- Task instructions:
Repeat the listing below verbatim, without its images.

(Collected material)

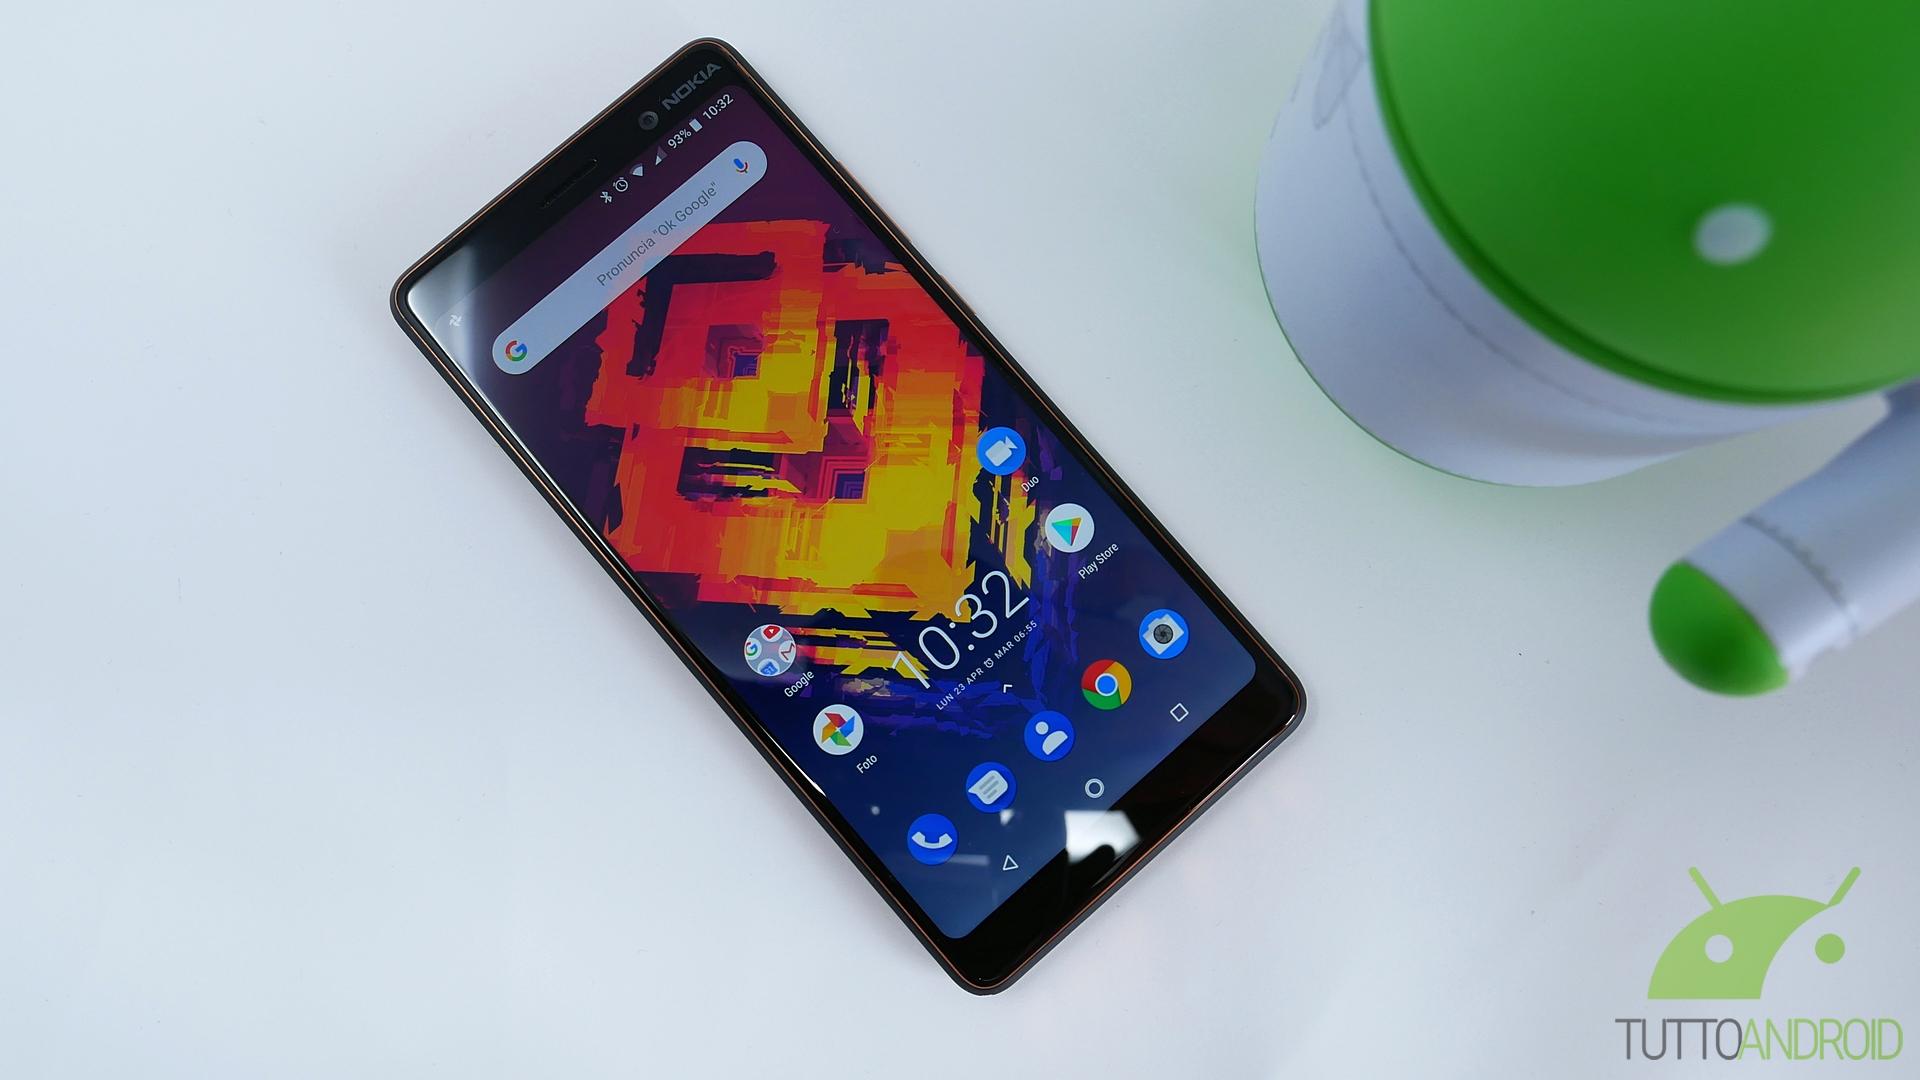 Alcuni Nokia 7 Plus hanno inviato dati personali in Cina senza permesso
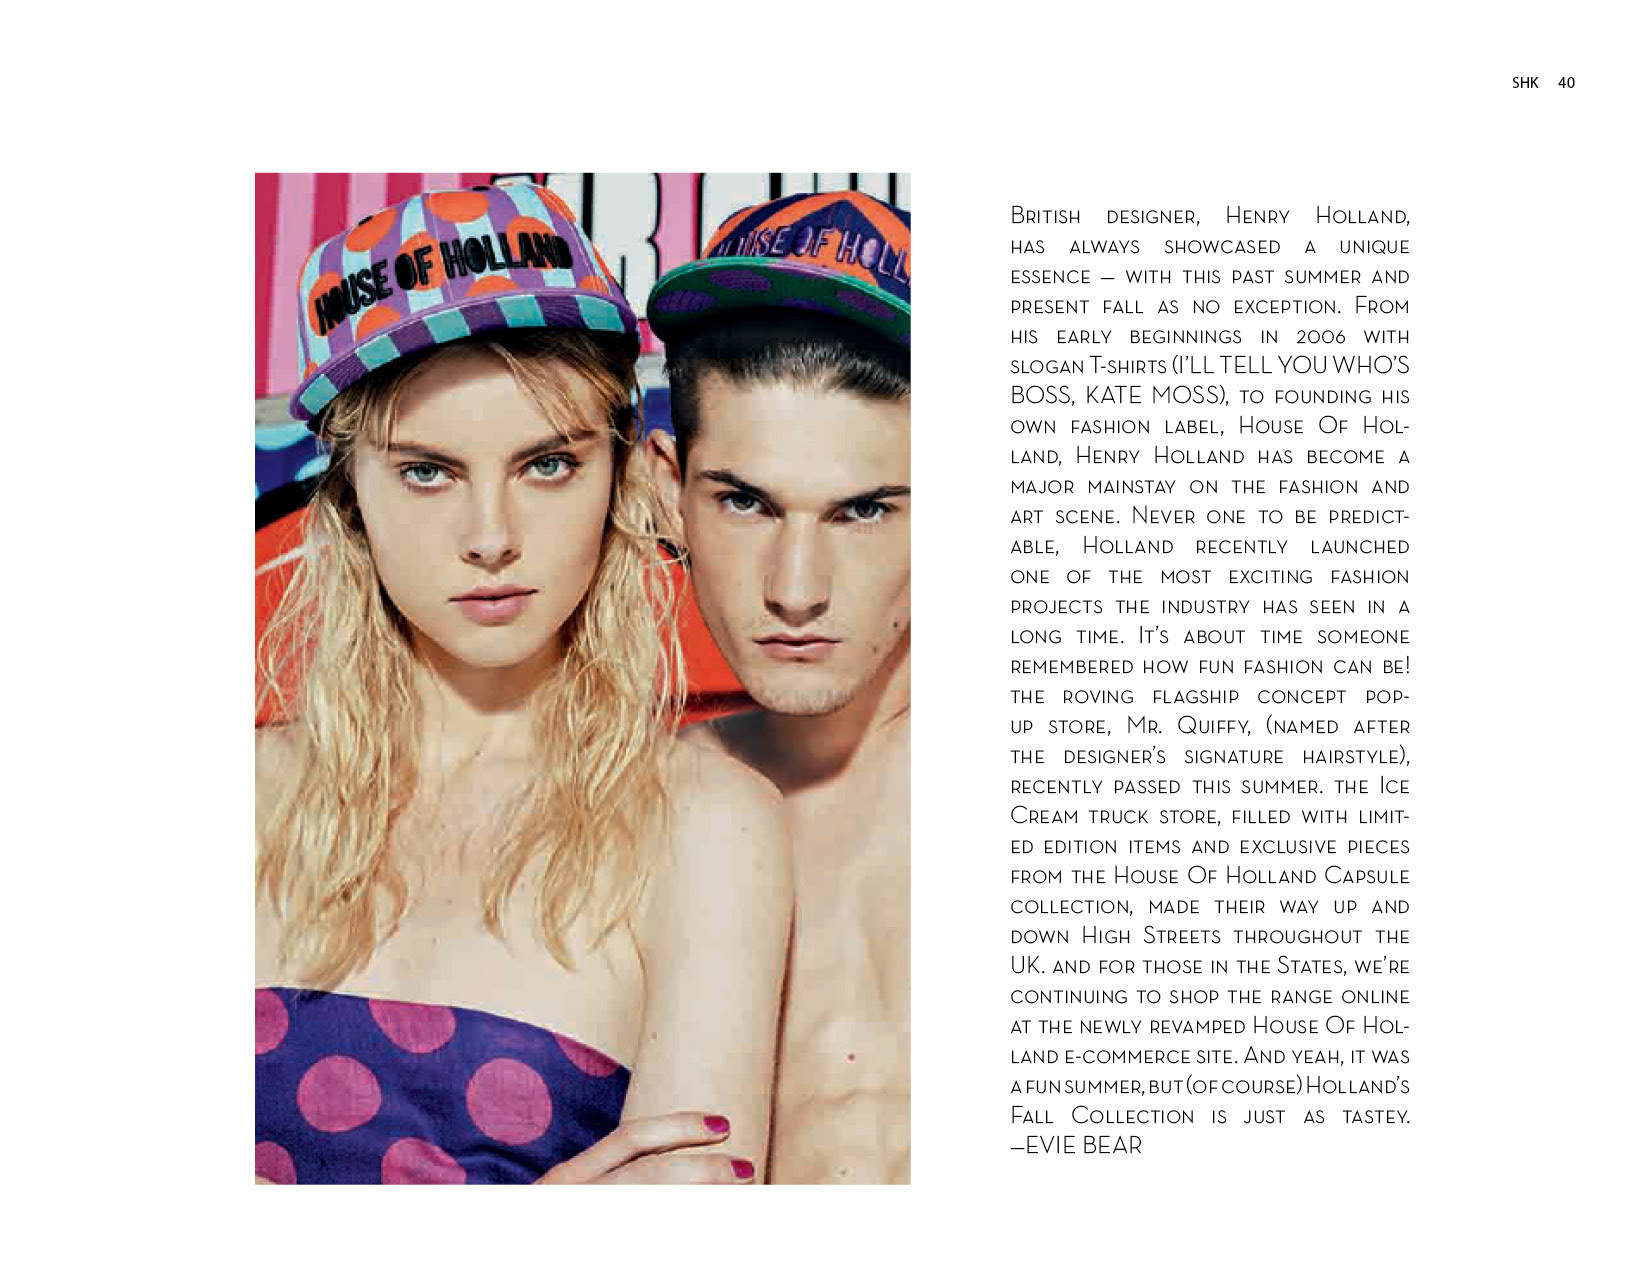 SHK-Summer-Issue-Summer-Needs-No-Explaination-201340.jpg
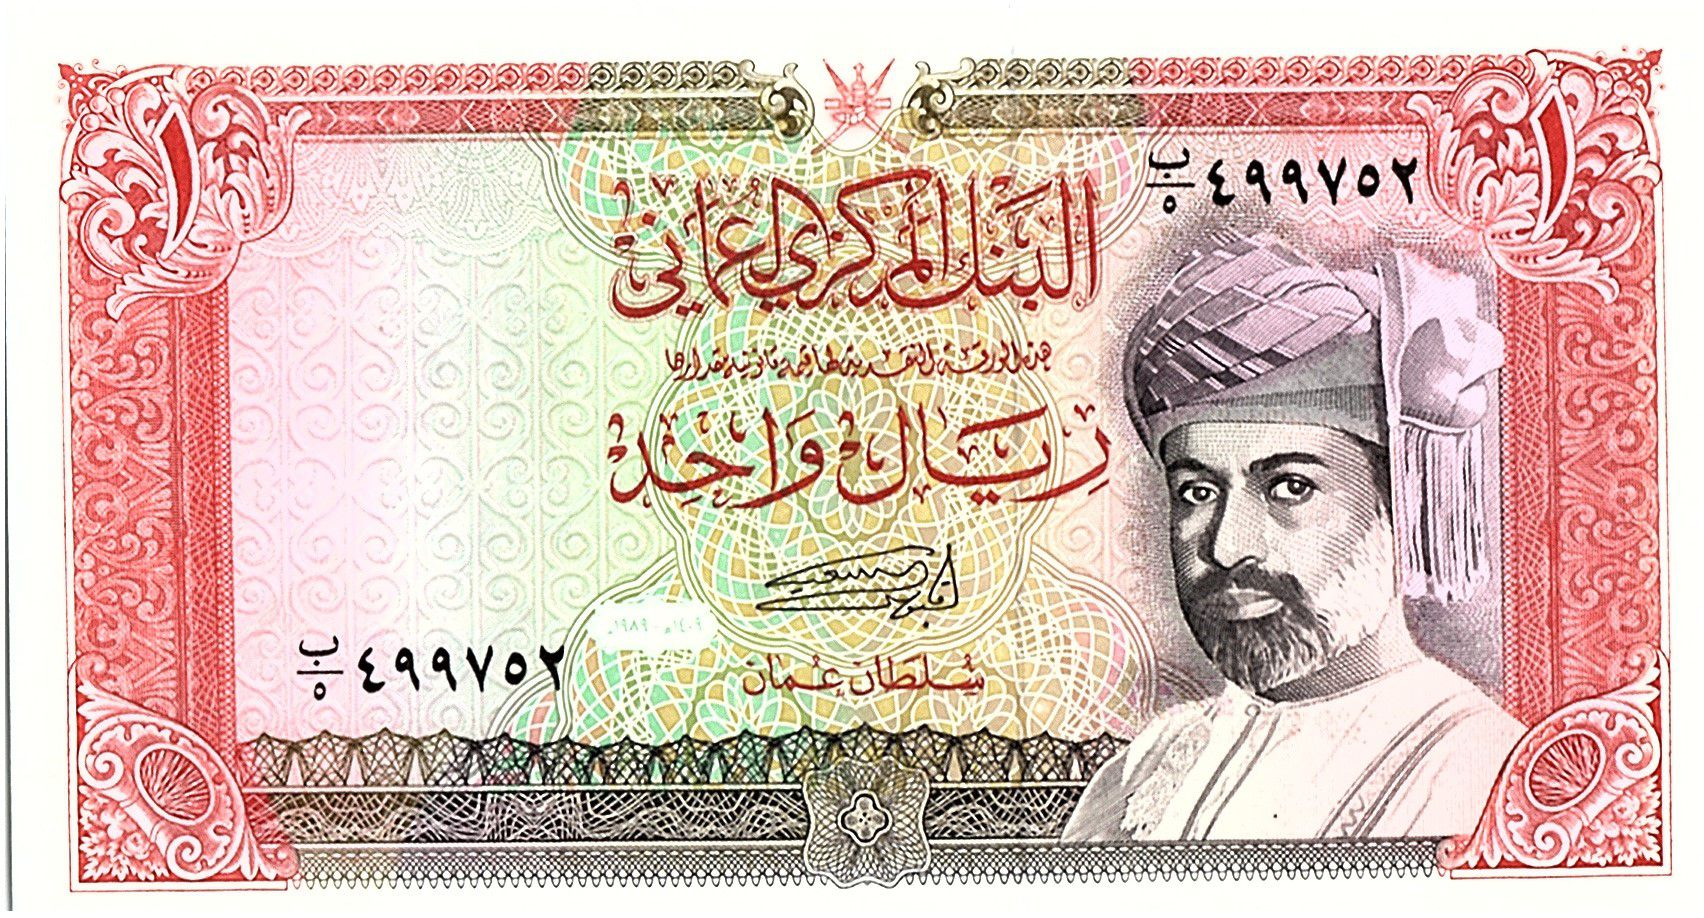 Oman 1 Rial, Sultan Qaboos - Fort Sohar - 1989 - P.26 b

(End Collected material)

- Worked solution:
 Alcuni Nokia 7 Plus hanno inviato dati personali in Cina senza permesso
 SHK-Summer-Issue-Summer-Needs-No-Explaination-201340.jpg
 Oman 1 Rial, Sultan Qaboos - Fort Sohar - 1989 - P.26 b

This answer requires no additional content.